When planning a study probably the most important question is how many patients are needed to have enough statistical power to detect a clinically meaningful difference between the treatment groups. If the budget is limited or the medical conditions allow only a small number of patients to be included in the study, the study may fail to reach adequate power and could be of very limited value. An appropriate sample size is essential for a worthwhile study. The sample size calculation requires that the hypothesis should be clearly stated and a valid design and appropriate test statistics should be used. In hypothesis testing two errors can occur: the type I error (α) takes place when the null hypothesis is rejected although it was true and the type II error (β) is when the null hypothesis is not rejected when it was false. The probability of making a type I error is called the level of significance whereas the type II error is called power. A type I error is usually considered to be the most important of the two items this approach primarily tries to control for. To determine the sample size the investigator should provide the following information:

In clinical studies a significance level of 5% is usually chosen to reflect 95% confidence in the conclusions and usually a power of 80% or 90% is used in conjunction with this. Estimating a clinically meaningful difference and the standard deviation for the planned trial is often difficult, especially for CAM treatments, where there may be no previous data for the outcome for the intervention being evaluated. If the expected difference is large, fewer patients will be needed than if the expected difference is small. An important influence on the sample size is the variability of the patient outcomes for the primary outcome. If a high standard deviation is expected (lots of variability) more patients are needed to detect a significant difference between treatments than if the patient outcomes are more homogeneous.

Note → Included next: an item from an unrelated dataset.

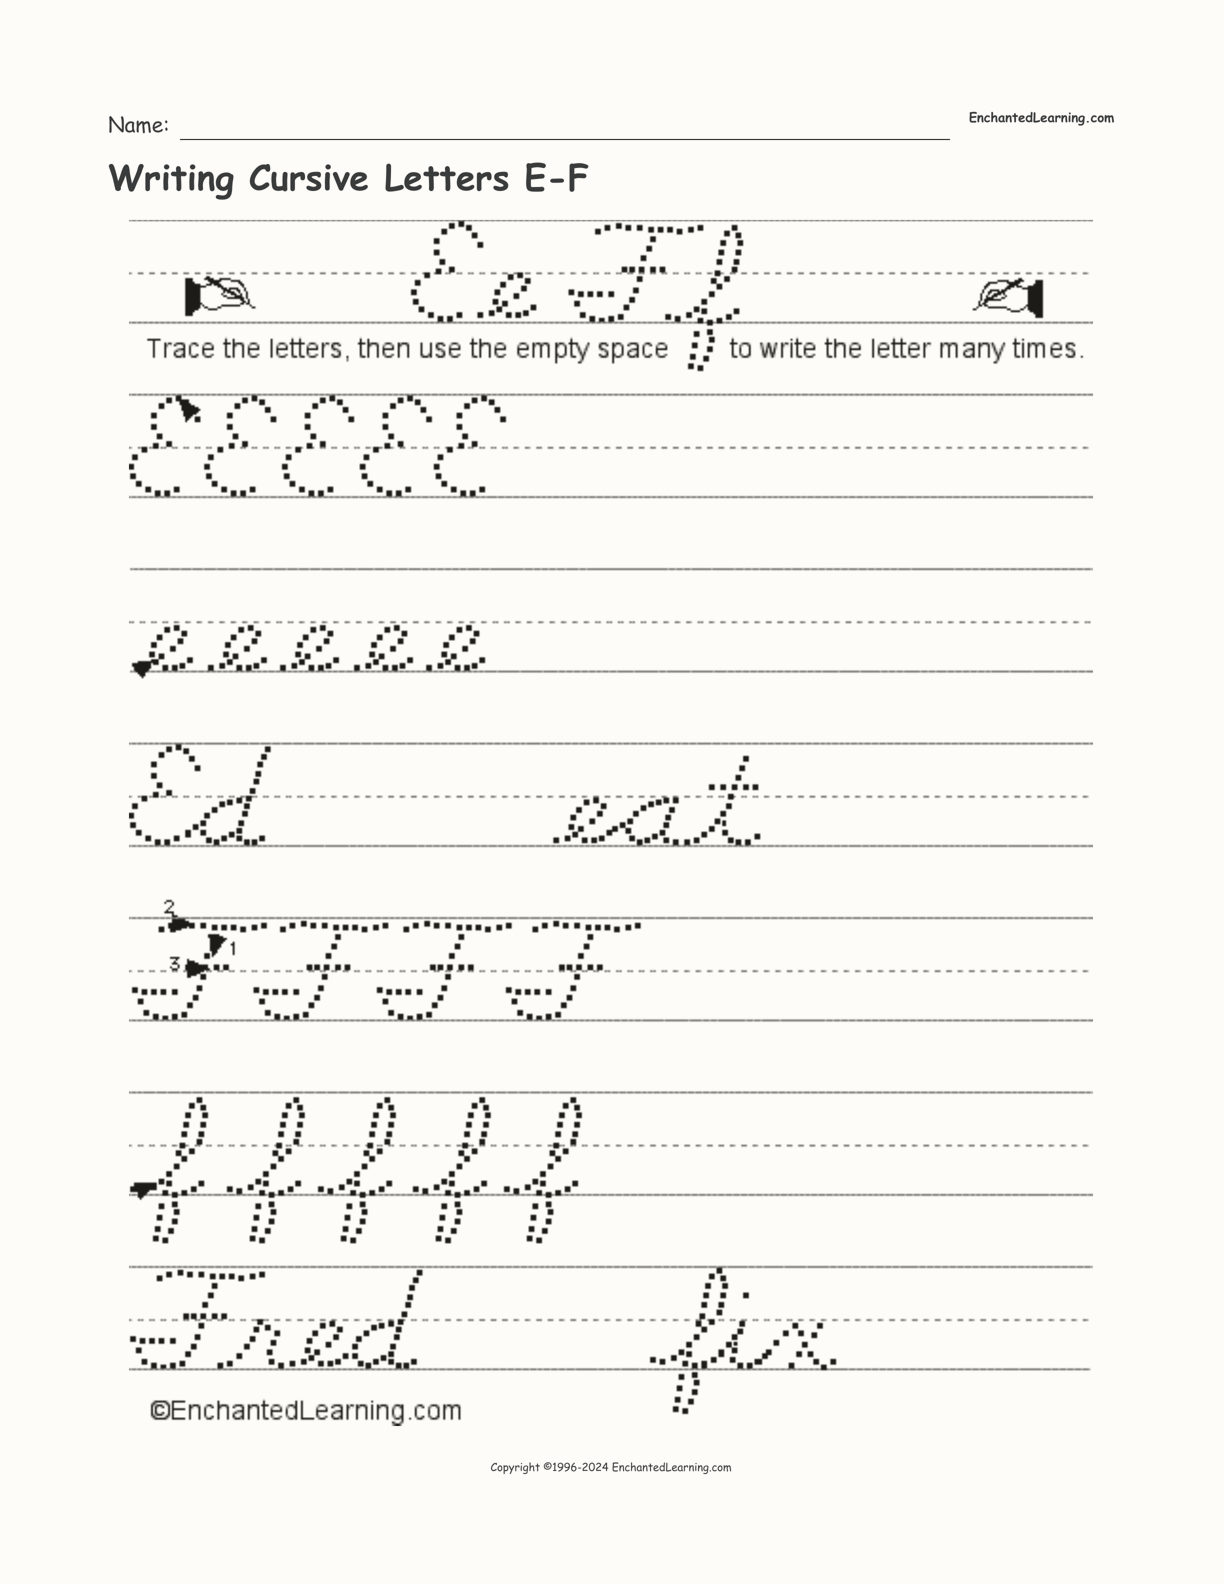 Writing Cursive Letters E-F interactive worksheet page 1
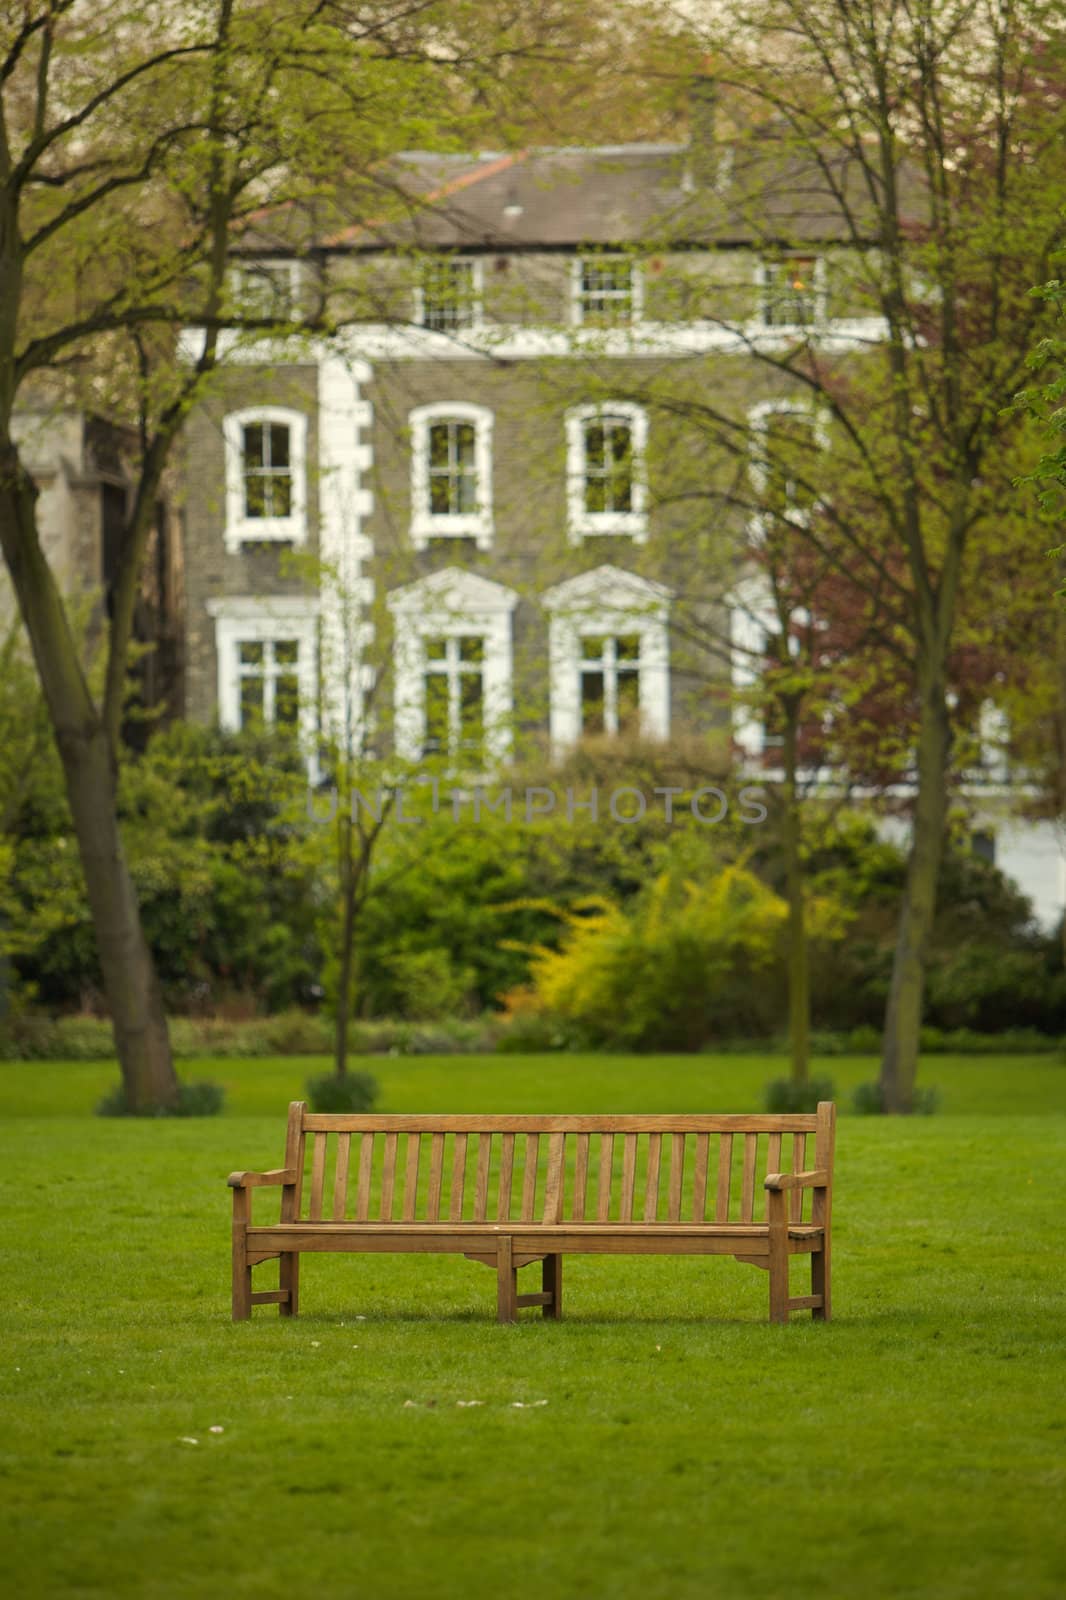 Wooden bench in a park with a grand home in the background

Many CAM studies are conducted with small research budgets and consequently small sample sizes; therefore the sample size which would detect a significant difference between treatment groups may not be achieved. From a methodological perspective it is bad science to perform an underpowered study. If the budget is not sufficient to perform a trial of adequate size it is better to do no study, unless it is a pilot.

The RCT is the most reliable study design to detect whether the difference in the outcomes of two or more interventions is caused by a specific treatment. In effect it is the ‘gold standard’ for clinical research. With the aim for control for baseline differences, patients are allocated at random to receive one of several interventions. In addition, the treatment group is compared to at least one control group. Different control groups exist and the choice of control depends on the research question (Table 5.2). Placebo-controlled trials only tell us if the treatment is better than a placebo and we always need more information that that to inform clinical practice, where many treatments may be available for one condition.